On the results sheet, Nigel Phang led 2x2 with a 0.92 best and 1.29 average. Emmanuel Kao topped 4x4 in 20.02 seconds and averaged 25.13, then repeated at 6x6 with 1:09.98 and 1:12.06. Beth Lee won Megaminx with a 30.58 average, while Masayuki Hirai’s 28.59 single stood out as the sharpest individual mark of the day; Hirai finished second on average at 33.51, with Emmanuel Kao third at 36.00. Evan Tan Yitian took Pyraminx and Luis Tan Hong Yi led Skewb, reinforcing how many events had legitimate depth rather than a single runaway winner.

That spread is the clearest sign that Singapore cubing has moved beyond only producing headline names.
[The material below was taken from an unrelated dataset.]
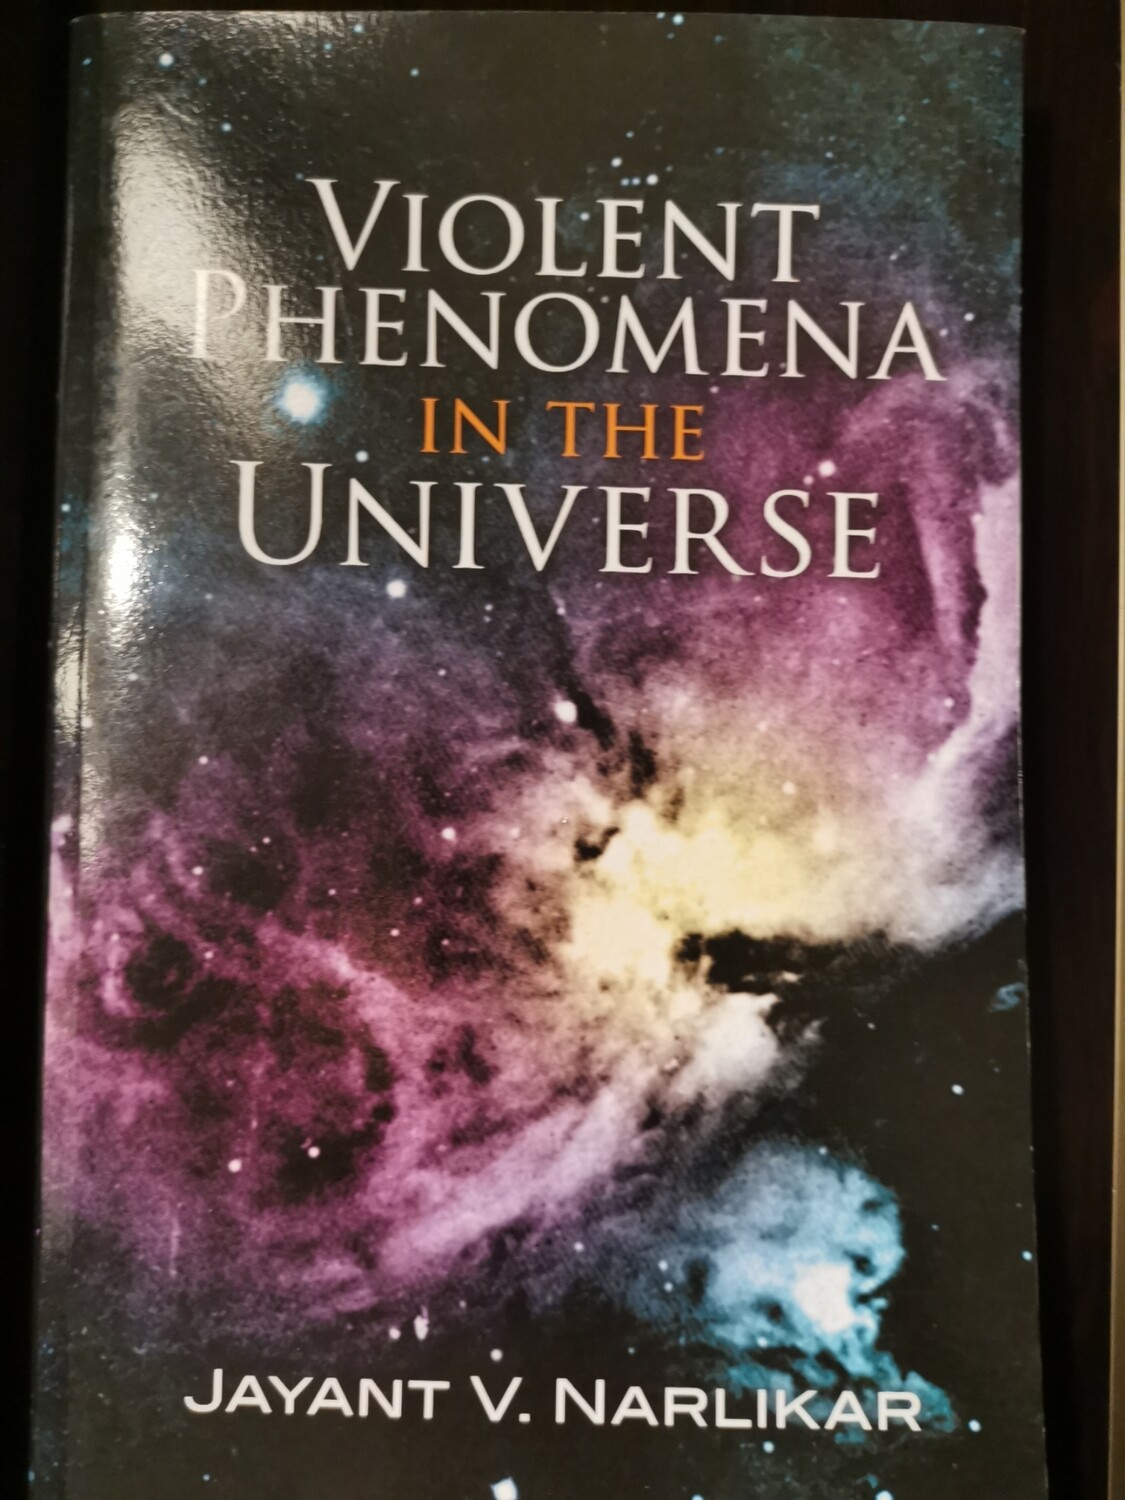 Violent phenomenon in the universe, Jayant V. Narlikar

The World Cube Association traces the Rubik’s Cube back to Ernő Rubik in 1974 and commercial availability in 1977, and Singapore’s own pipeline has been sustained by institutional meets such as the annual Singapore Cube Championship run by the NUS Mathematics Society, which the NUS Faculty of Science says includes NUS, School and Open categories. Daryl Tan Hong An’s 12 Guinness World Records titles once showed how far a Singaporean cuber could go; NUS Mega Challenge showed the next layer, a local scene that can fill a capped field, field multiple organizers, and still produce meaningful results across the board.